CRÍTICA À ESQUERDA CONTRA O ESQUERDISMO



Não gosto de fazer críticas contra a esquerda. Esta ampla posição política (acho que posso chamar assim), que abriga inúmeras correntes teóricas, já é por demais ofendida pela grande imprensa burguesa e seus súditos. Por isso evito publicizar minhas críticas contra a esquerda. Mas a recente cisão da esquerda no segundo turno das eleições presidenciais me coloca a necessidade de tecer uma crítica bem direcionada. Muitos se colocaram na posição do voto nulo por pensarem ser as eleições uma hipocrisia pseudo-democrática. De certo ponto de vista eles tem razão. Outros também se colocaram nesta posição e foram além. Direcionaram seus esforços retóricos contra a candidata Dilma, chegando ao ponto de nem citarem o nome do candidato Serra, ou centrar qualquer crítica contra ele. Que o PT, principalmente por causa de sua ampla base partidária, tomou como seus inúmeros dos interesses da burguesia ninguém pode negar. Porém igualar os dois lados da eleição me parece uma atitude infantil e irresponsável. E é aqui que destaco esse grupo político que classifica, simplesmente, ambos candidatos como “burgueses”, sem maiores detalhamentos ou considerações. Gostaria de taxar este grupo como esquerdista.

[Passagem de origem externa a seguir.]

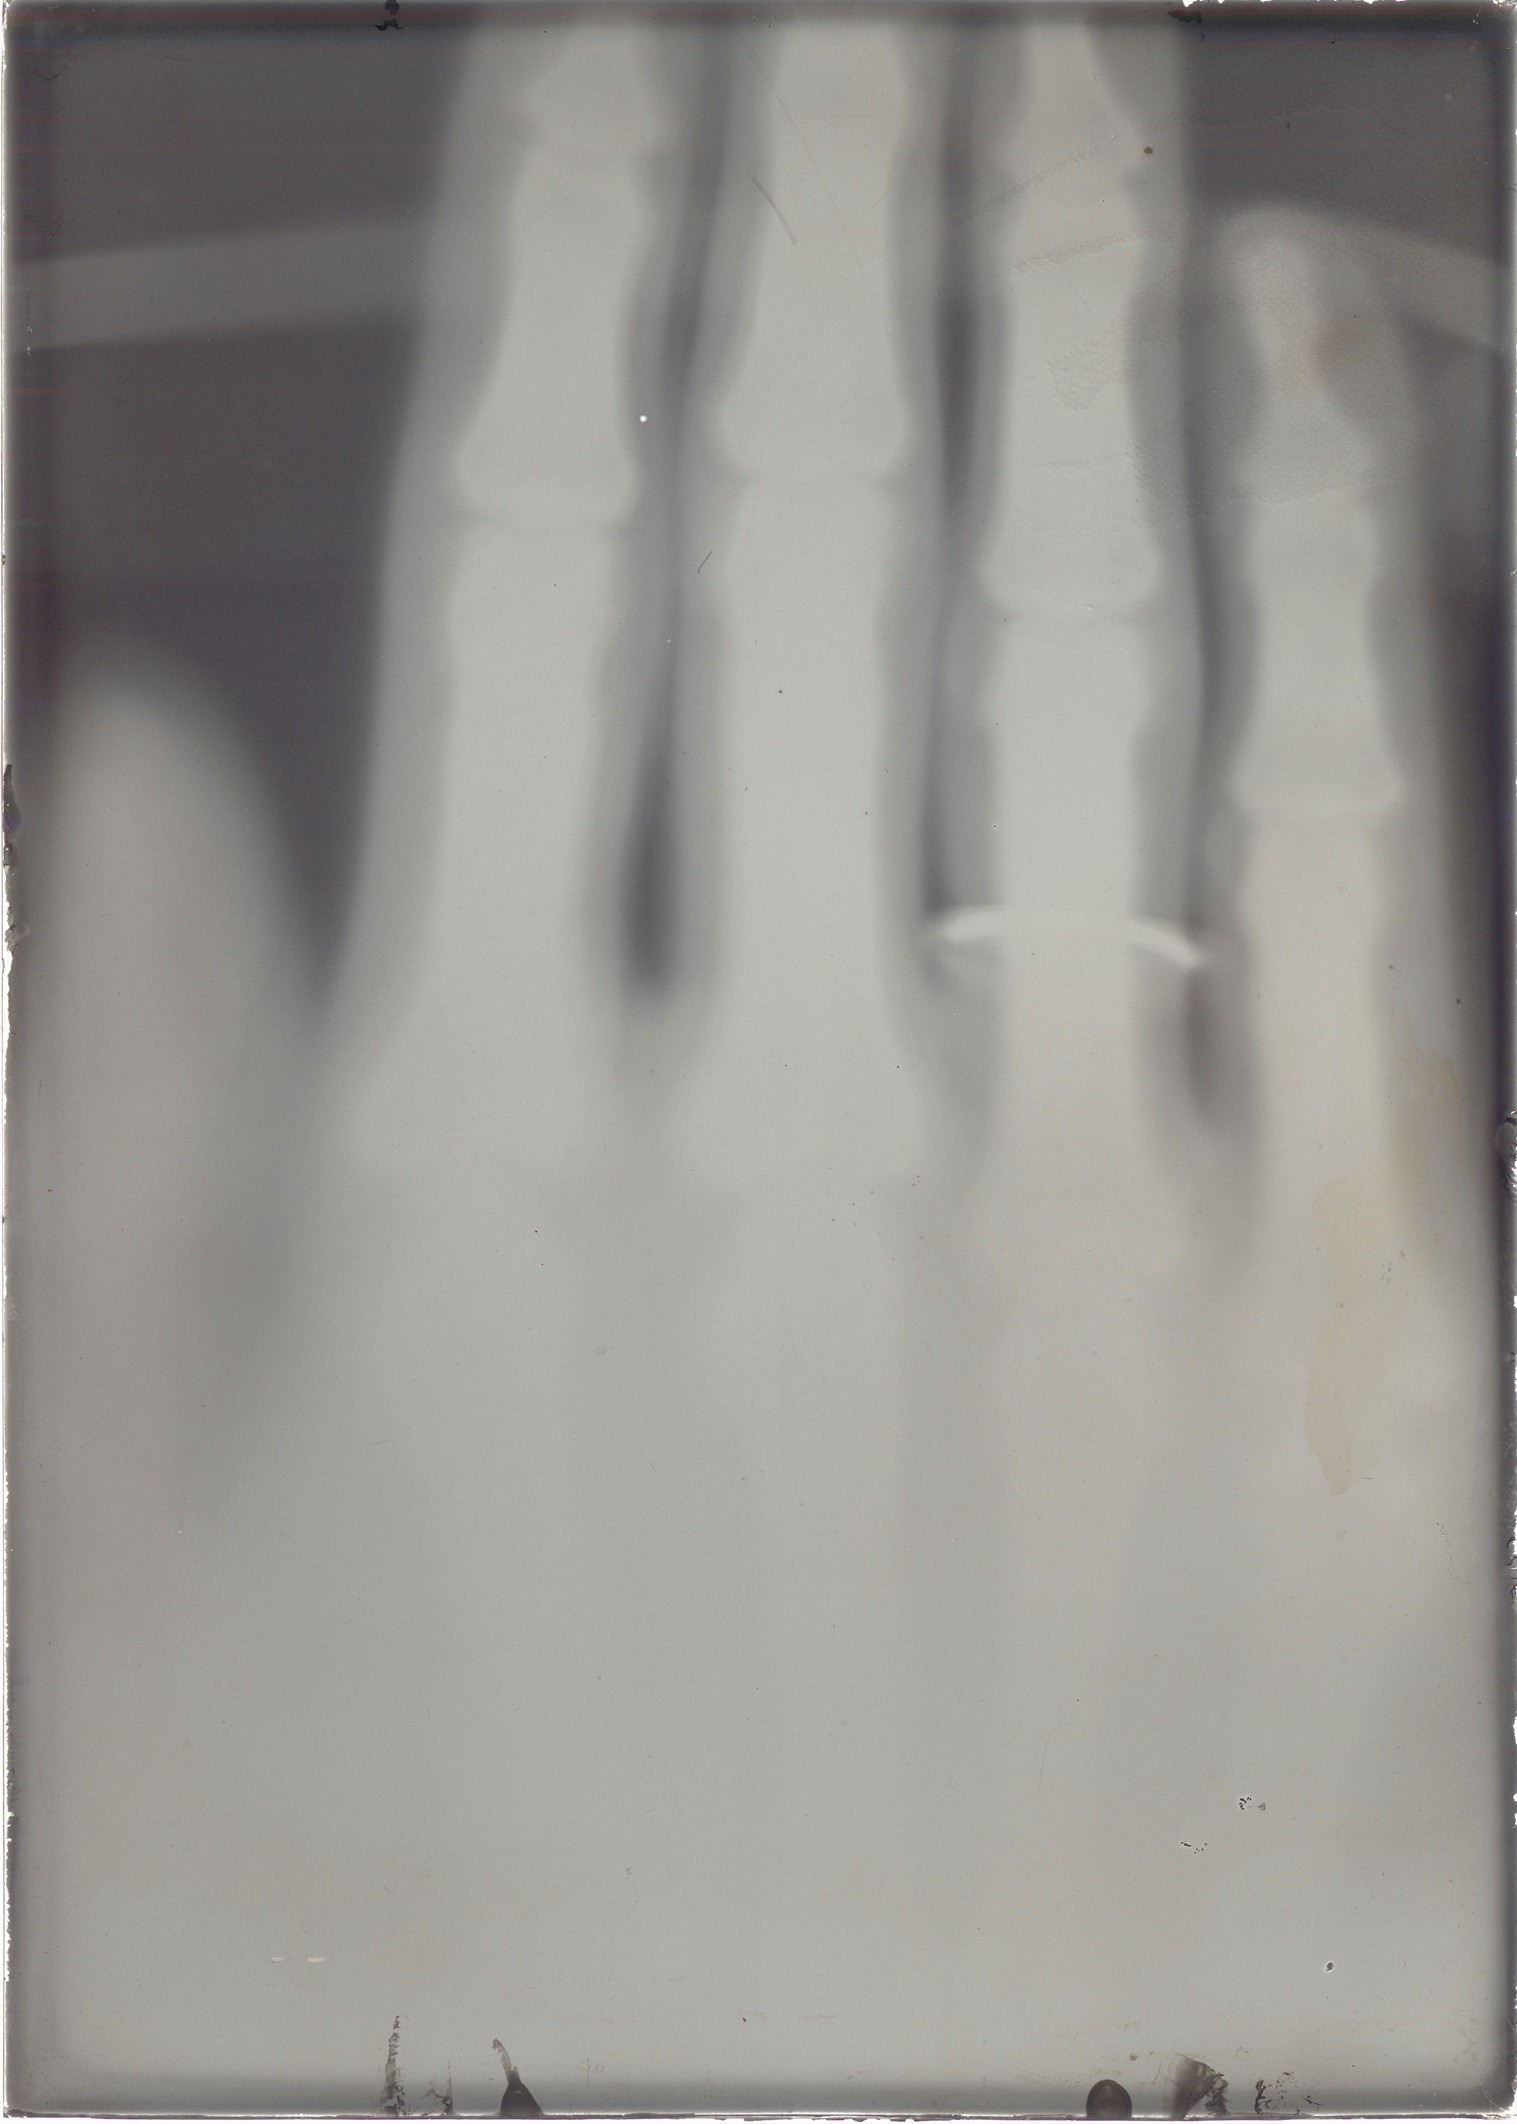 Versuch: Röntgenaufnahme einer Hand (November-Dezember 1895), 86728 gp (Deutsches Röntgen-Museum CC BY-NC-SA)

O esquerdismo, já foi alvo de crítica de Lênin, que o diagnosticou como “doença infantil de esquerda”. Ele é composto por políticas inconsequentes e fantasiosas que insistem em simplificar o mundo numa divisão entre bem e mal, onde só valem a pena direcionar seus esforços a ações puras do “bem”. Esse tipo de ação relega os valiosos espaços políticos, objeto de intenso conflito, aos setores mais tacanhos e oligárquicos da sociedade, mais ou menos da forma que os esquerdistas brasileiros tentaram fazer nesse segundo turno, quase numa teoria do quanto pior, melhor.
Esse esquerdismo, doença infantil, recorre sempre a uma frasismo raso que reflete suas concepções de mundo. Se melhor desenvolvidas, estas frases poderiam mostrar uma profunda visão de mundo que se aproxima do real, mas em geral, são sempre resumidas, e ao invés de atrair as classes populares para o terreno da esquerda tem o efeito reverso. Acabam por “bobificar” e estereotipar a esquerda, afastando, assim, as classes populares do campo político da esquerda. Tudo se torna culpa do “sistema” ou do “imperialismo”. Dentro desse raciocínio simplificador, igualam dois grupos políticos, PT e PSDB, que têm importantes diferenças entre si. E pela atuação de alguns esquerdistas quase fui levado a acreditar que eles defendiam a vitória de José Serra.
O esquerdismo quer adequar o mundo à sua visão, e não buscar atingir uma relação dialética entre ambos que transforme a atual realidade. O compromisso deles é com eles mesmos, numa busca transloucada para mostrar que são eles os detentores do conhecimento supremo e são eles que tem a posse da razão.
Contra esse tipo de irrealismo Marx e Engels teceram crítica no Manifesto, quando falavam sobre os socialismos utópicos: “belas e nobres propostas, porém instavelmente assentadas sobre falsos diagnósticos que davam luz a projetos ainda mais errôneos de transformação social”.
Devo lembrar a mim mesmo que meu compromisso é com as classes populares, e não com Marx, Engels ou Lênin. Na verdade, me utilizo dos grandes estudos desses pensadores porque eles também não eram à favor de si próprios, mas das classes populares. Meu objetivo não é adequar o mundo ao marxismo, mas me utilizar do marxismo para melhorar as condições sociais de nossa gente. Existe um erro de enfoque. Desde a infância, o que nos comove e nos posiciona como esquerda é a luta contra as misérias humanas, e não a luta para impôr uma visão de mundo esquerdista. Esse mesmo esquerdismo foi que deturpou o marxismo em versões grotescas stalinistas e economicistas. Acho que o campo teórico da esquerda serve para lutar contra essas misérias humanas, e caso um dia ele se torne um monolito inútil nessa empreitada o abandonarei sem o menor remorso. Como isso não irá acontecer tão cedo, me filio ao campo da esquerda. Mas de uma esquerda responsável que saiba se posicionar dentro do campo político e, acima de tudo, com compromisso popular. É agora que nós da esquerda devemos direcionar nossas críticas contra o atual governo, já que o pior dos males foi evitado.